Roger Penrose marvels at the nature of complex numbers, claiming that ‘there is not only a special magic in the mathematics of these numbers, but . . . nature herself appears to harness this magic in weaving her universe at its deepest levels.’ Abstraction enables mathematics to deal with ever more general concepts: from numbers to variables to functions and on to ‘tensors’ and ‘spinors’, each associated with a suitable symbolic representation and a set of rules for manipulating those symbols.

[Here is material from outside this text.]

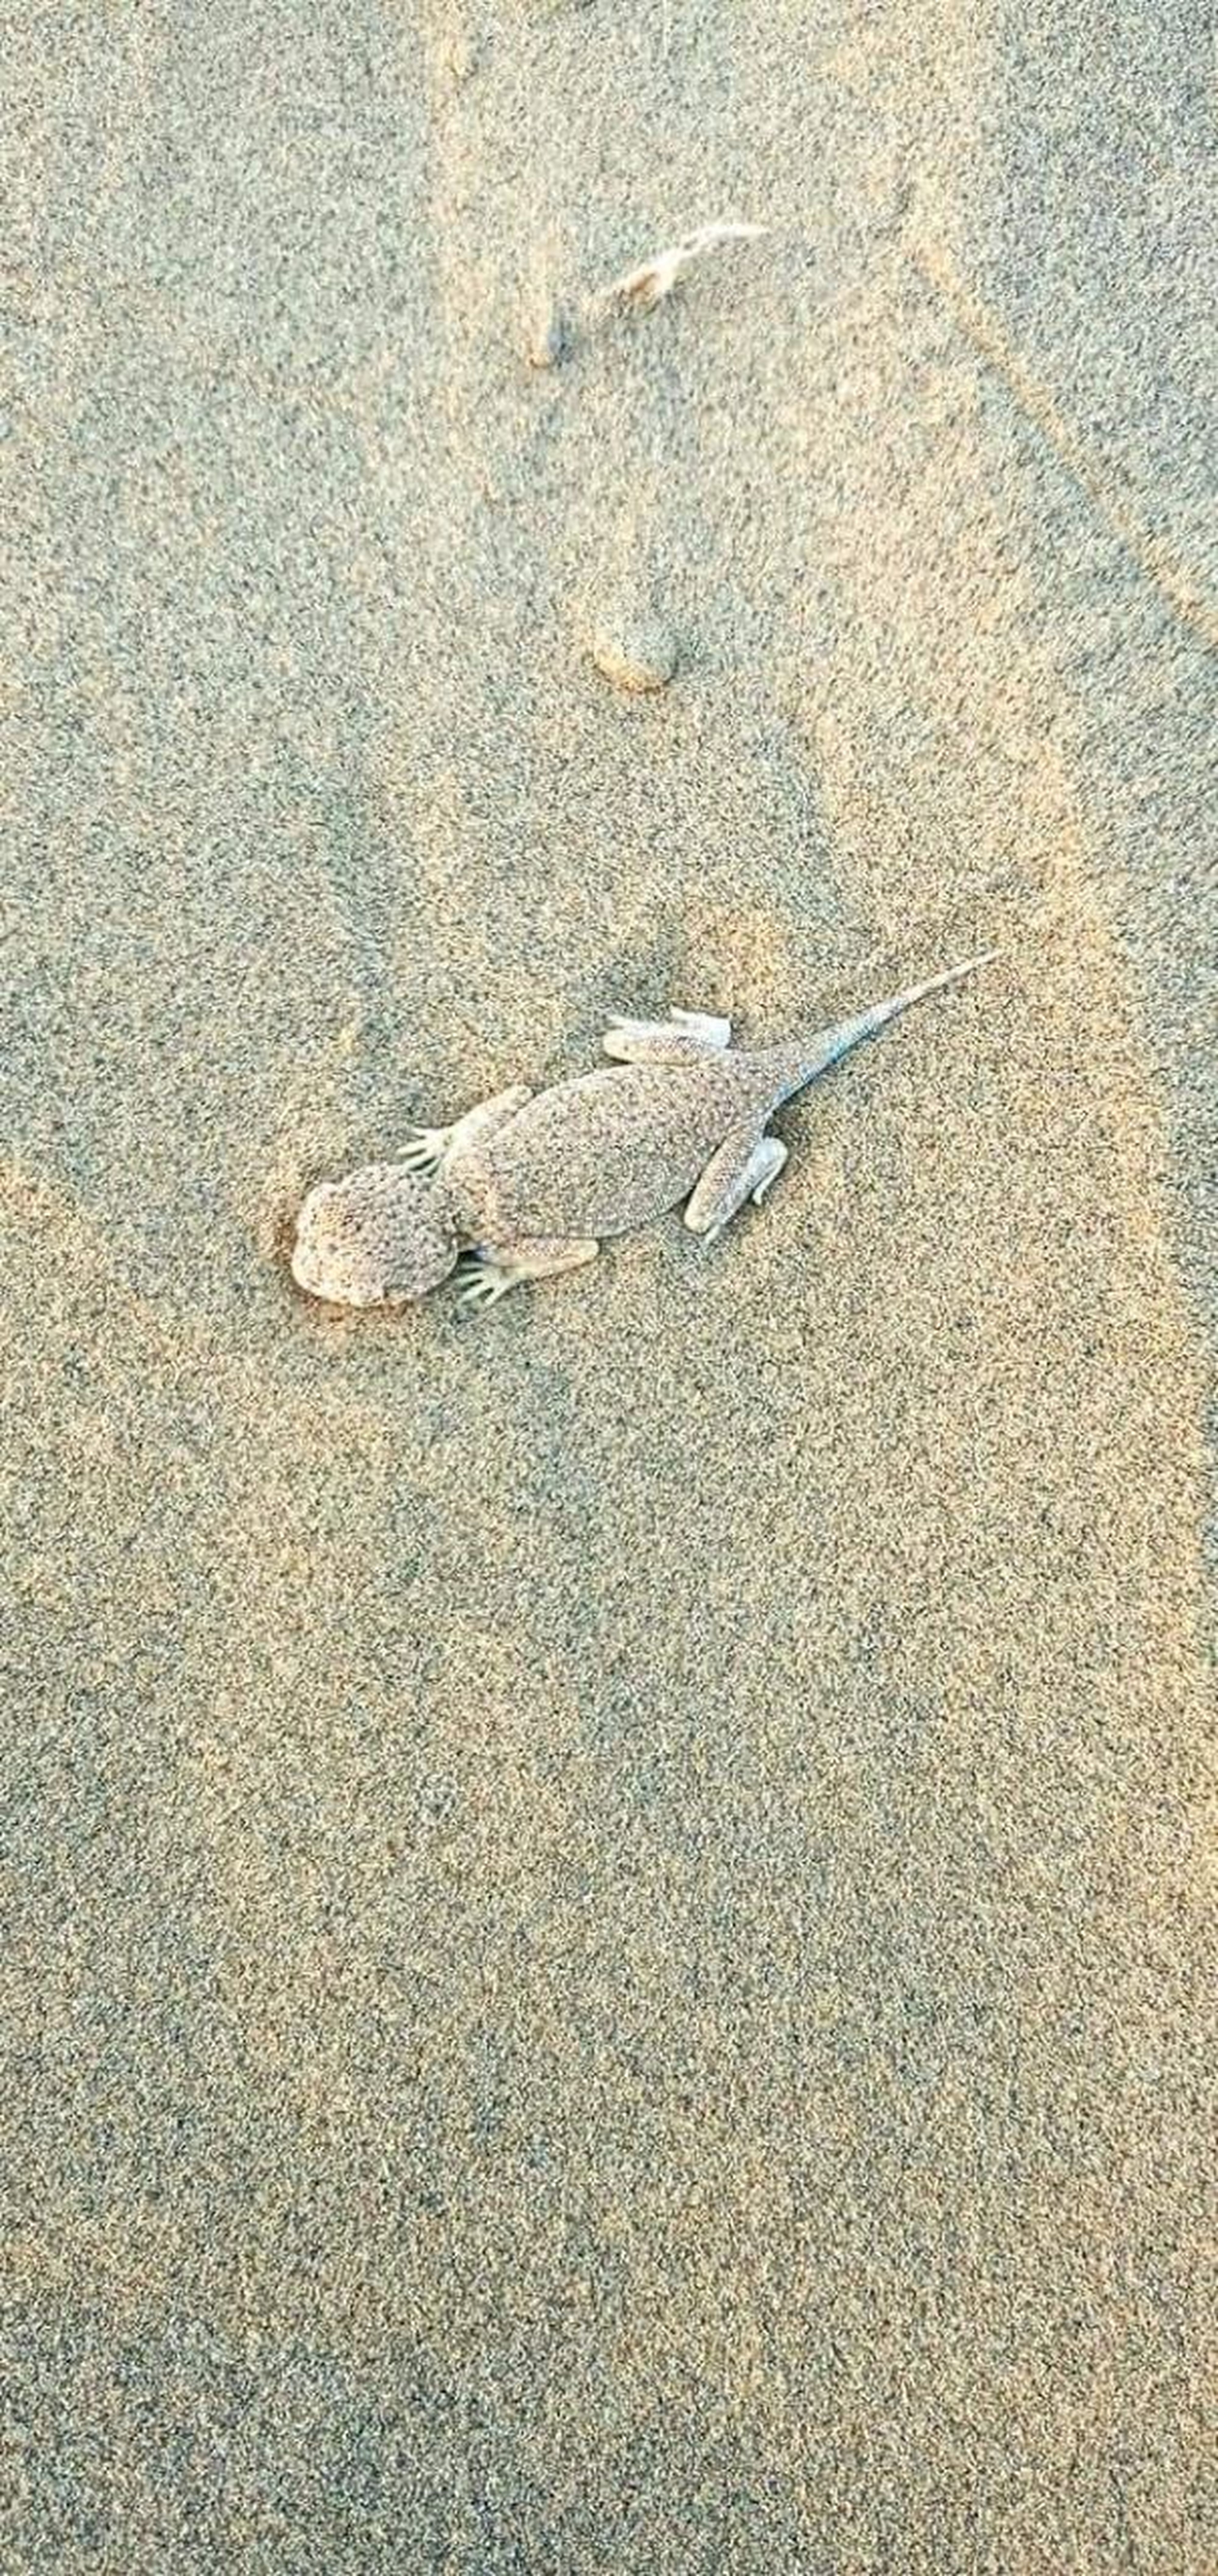 रेत के समंदर के बीच छिपा मरुस्थलीय जीवों का छलावरण

In the last part of the book, Penrose comments on three crucial issues in present-day theoretical physics, providing a good corrective to much recent writing that suggests we already have the answers in these areas. The key cosmological problem Penrose focuses on is the origin of the arrow of time. The fundamental physical laws are time-symmetric: for each solution of the equations, there is an equal and opposite solution in which the direction of time is reversed. For example, Maxwell’s equations for electromagnetism allow a radio signal to be received before it is transmitted, and in principle people can grow younger. The ‘arrow of time problem’ is that these things don’t happen: what is it that disallows the time-reversed solution? Penrose’s elegant discussion of this issue leads to the conclusion that there must have been special conditions in place at the start of the universe.

Penrose’s next target is the measurement problem in quantum theory. There is at present no consistent picture of the process of measurement that takes quantum physics into account. Usually, it is assumed that the measurement apparatus does not obey the rules of quantum theory, but this contradicts the presupposition that all matter is at its foundation quantum mechanical in nature. Penrose gives a clear description of the various ways this paradox can be handled, and how its resolution depends on what one believes about the nature of reality. Many physicists do not believe this is a question one should ask (‘I don’t demand that a theory correspond to reality because I don’t know what reality is,’ Stephen Hawking says), but Penrose believes that such matters are crucial to quantum mechanics and are far from being settled. He explains why standard approaches fail to solve the problem, and proposes instead that quantum measurement processes are associated with quantum gravity. This idea has not gained wide acceptance, but is undeniably deeply thought through.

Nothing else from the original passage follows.